# INTRODUCTION
> The traditional supervised learning paradigm breaks down when we do not have sufficient labeled data for the task or domain we care about to train a reliable model.
> For example, if we want to train a model to detect pedestrians on night-time images, we could apply a model that has been trained on a similar domain, e.g. on day-time images. In practice, however, we often experience a deterioration or collapse in performance as the model has inherited the bias of its training data and does not know how to generalize to the new domain.
> Transfer learning allows us to deal with these scenarios by leveraging the already existing labeled data of some related task or domain. 

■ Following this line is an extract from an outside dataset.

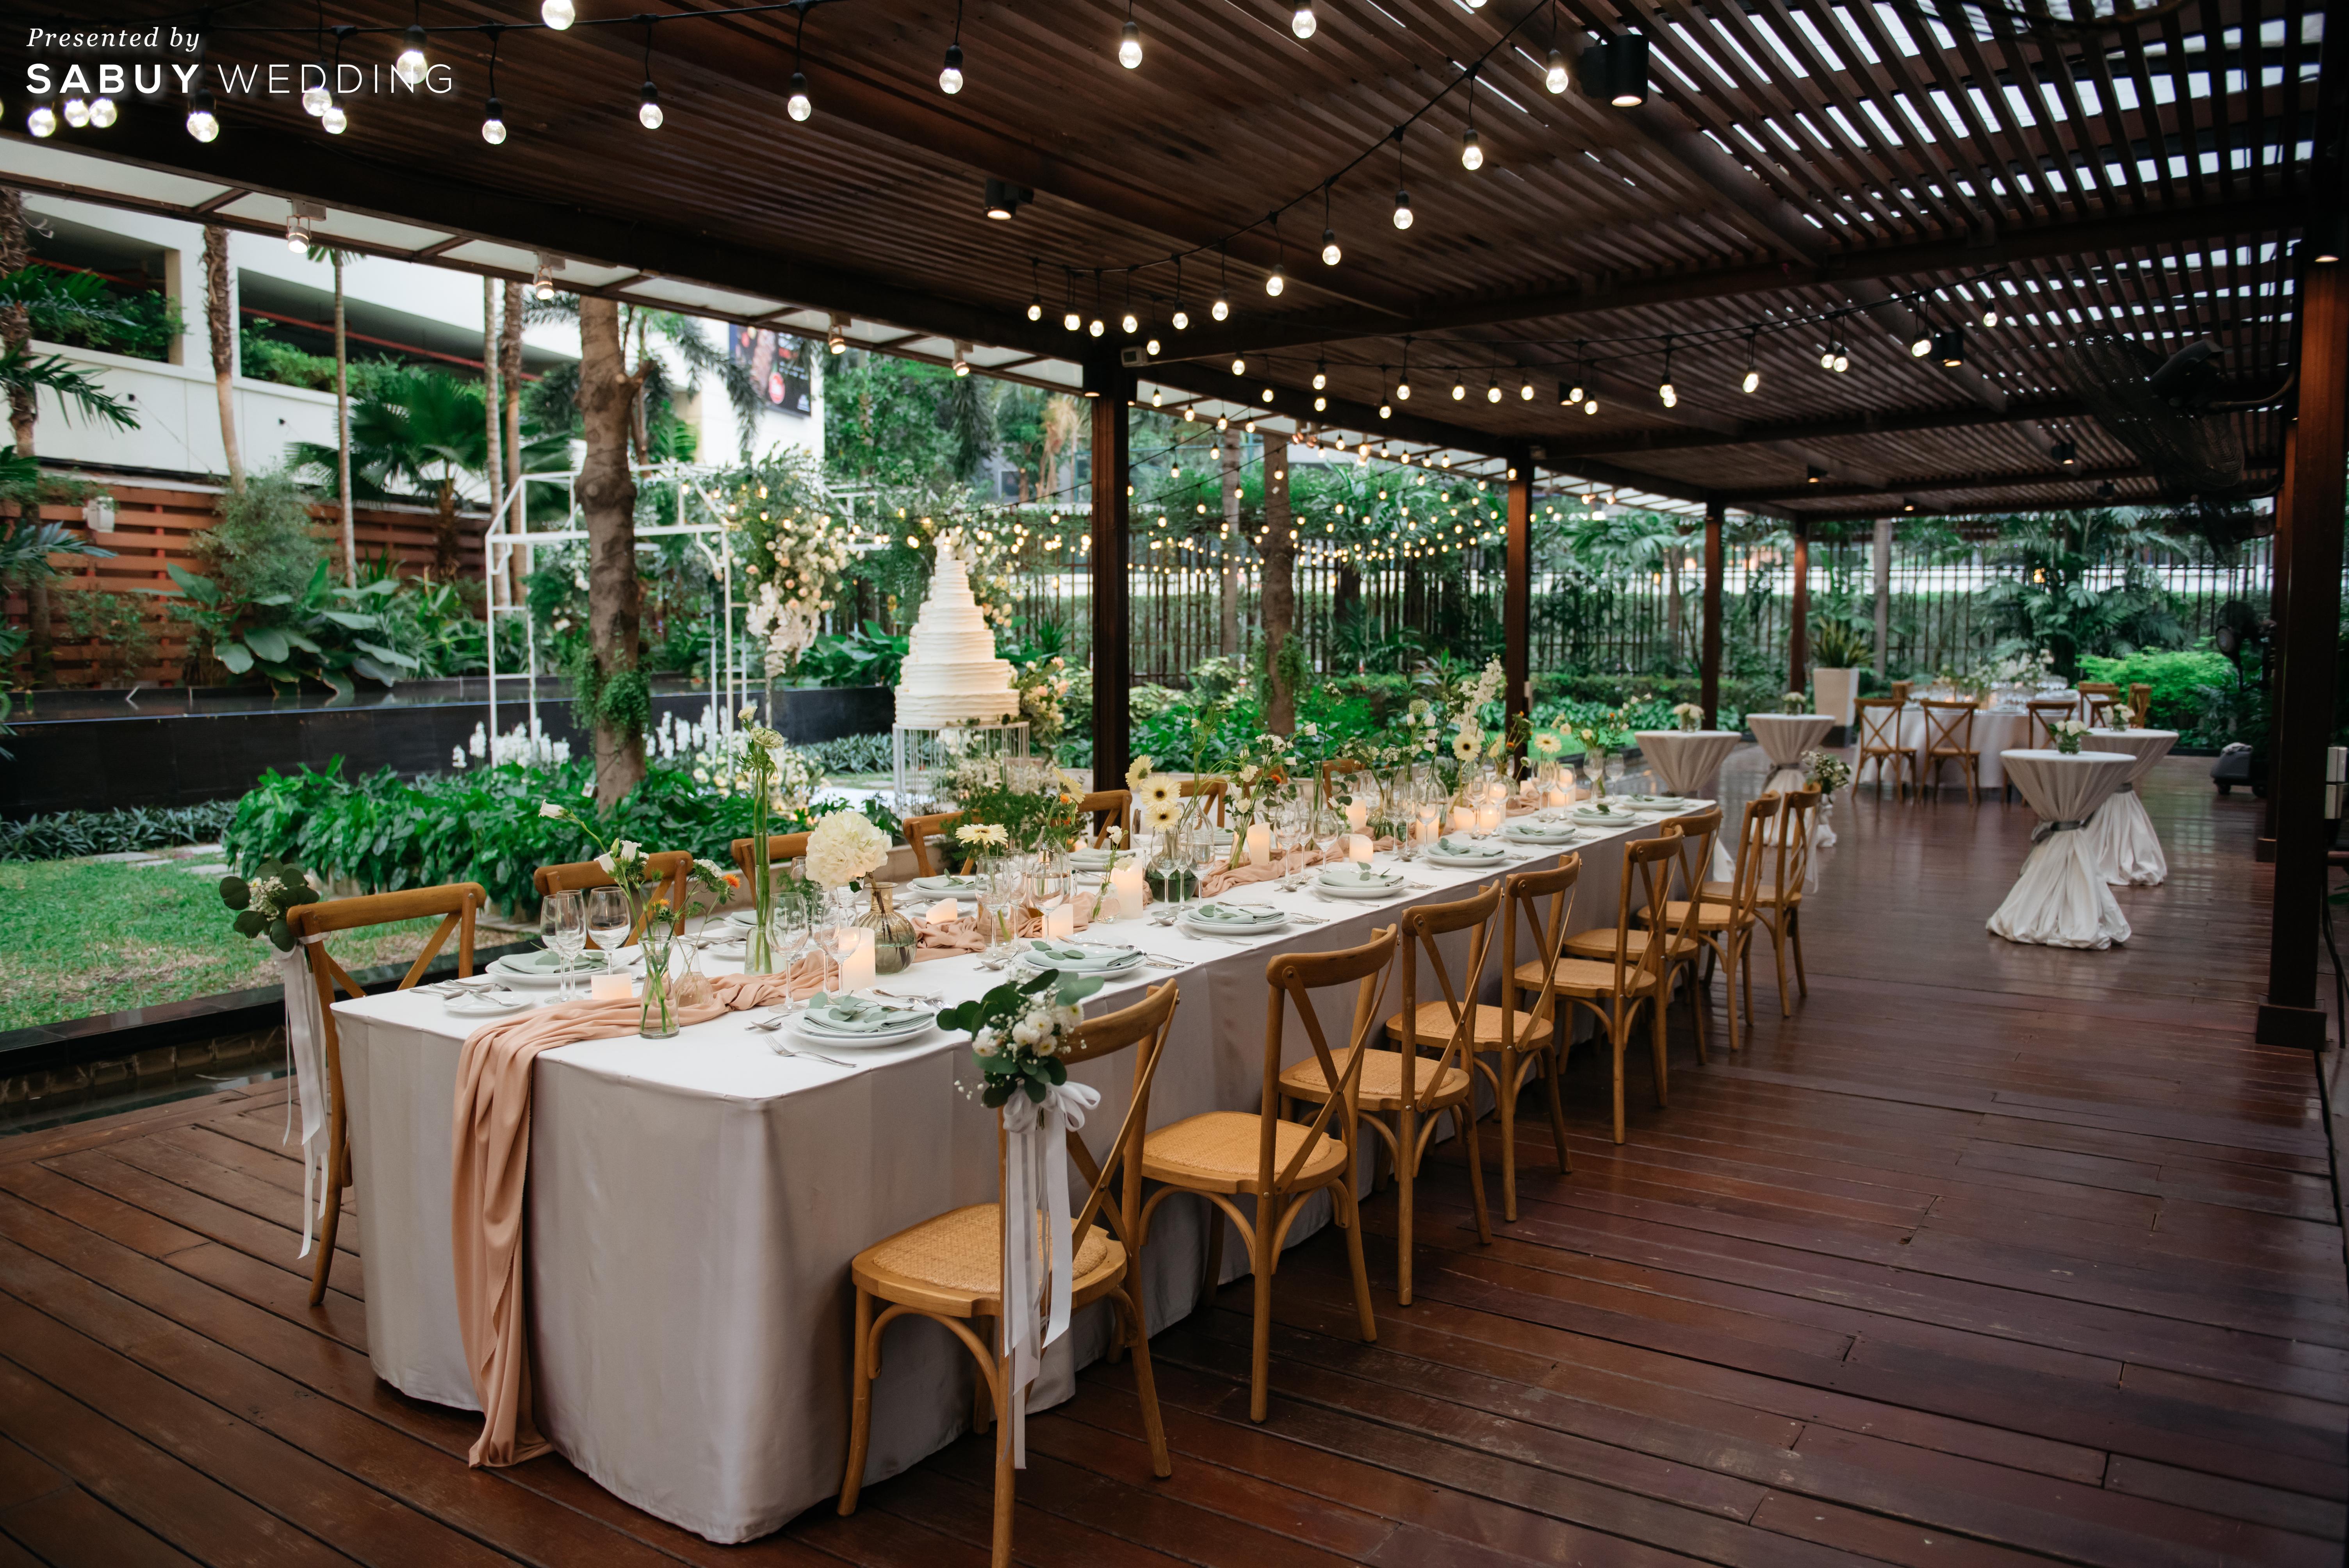 MARRIOTT EXECUTIVE APARTMENTS SUKHUMVIT PARK,Marriott Wedding Thailand,แมริออท ประเทศไทย,สถานที่แต่งงาน,สถานที่จัดงานแต่งงาน,โรงแรม,งานแต่งงาน,งานเลี้ยง,งานแต่งในสวน,งานแต่ง outdoor ครบทุกความต้องการของบ่าวสาว กับ 40 สถานที่แต่งงานในเครือ Marriott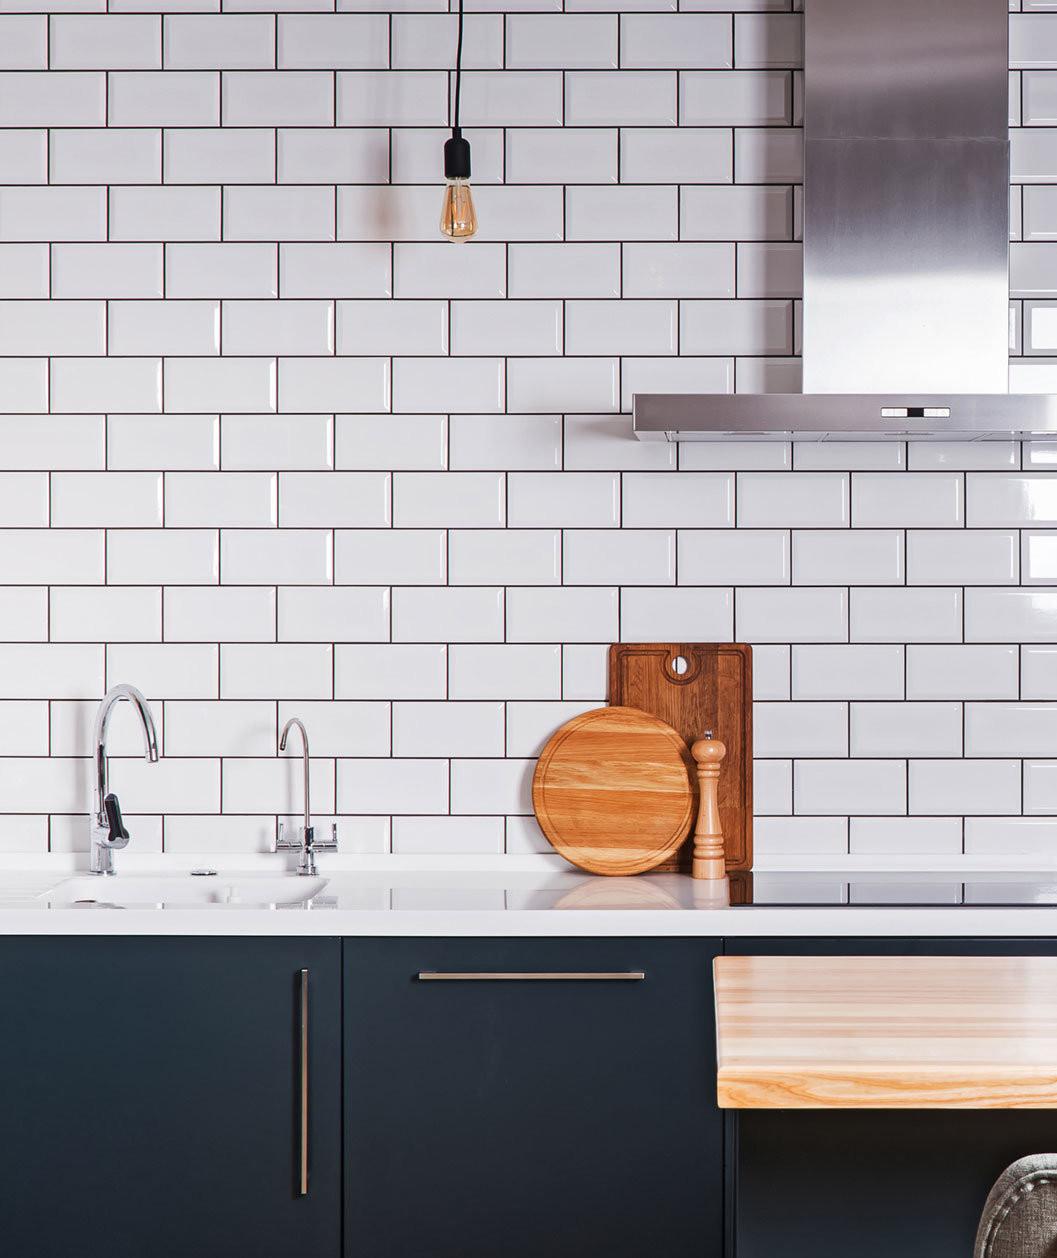 Kitchen Subway Tile Backsplash Designs  Kitchen Tile Backsplash Ideas You Need to See Right Now

> Here we will see one application of transfer learning on detecting pneumonia using chest x-rays.

# VGG16  

![VGG16 Architecture](https://packt-type-cloud.s3.amazonaws.com/uploads/sites/3149/2018/11/61d69a2a-f31c-477b-9197-b1764c2658b1.png)

**Figure 1:** VGG16 architecture (from https://hub.packtpub.com/how-to-leverage-transfer-learning-using-pretrained-cnn-models-tutorial/)

> ImageNet is a research project to develop a large database of images with annotations e.g. images and their labels.
Pretrained models like VGG-16 and VGG-19 are already trained on ImageNet which comprises of disparate categories of images. These models are built from scratch and trained by using high GPU’s over millions of images consisting of thousands of image categories. 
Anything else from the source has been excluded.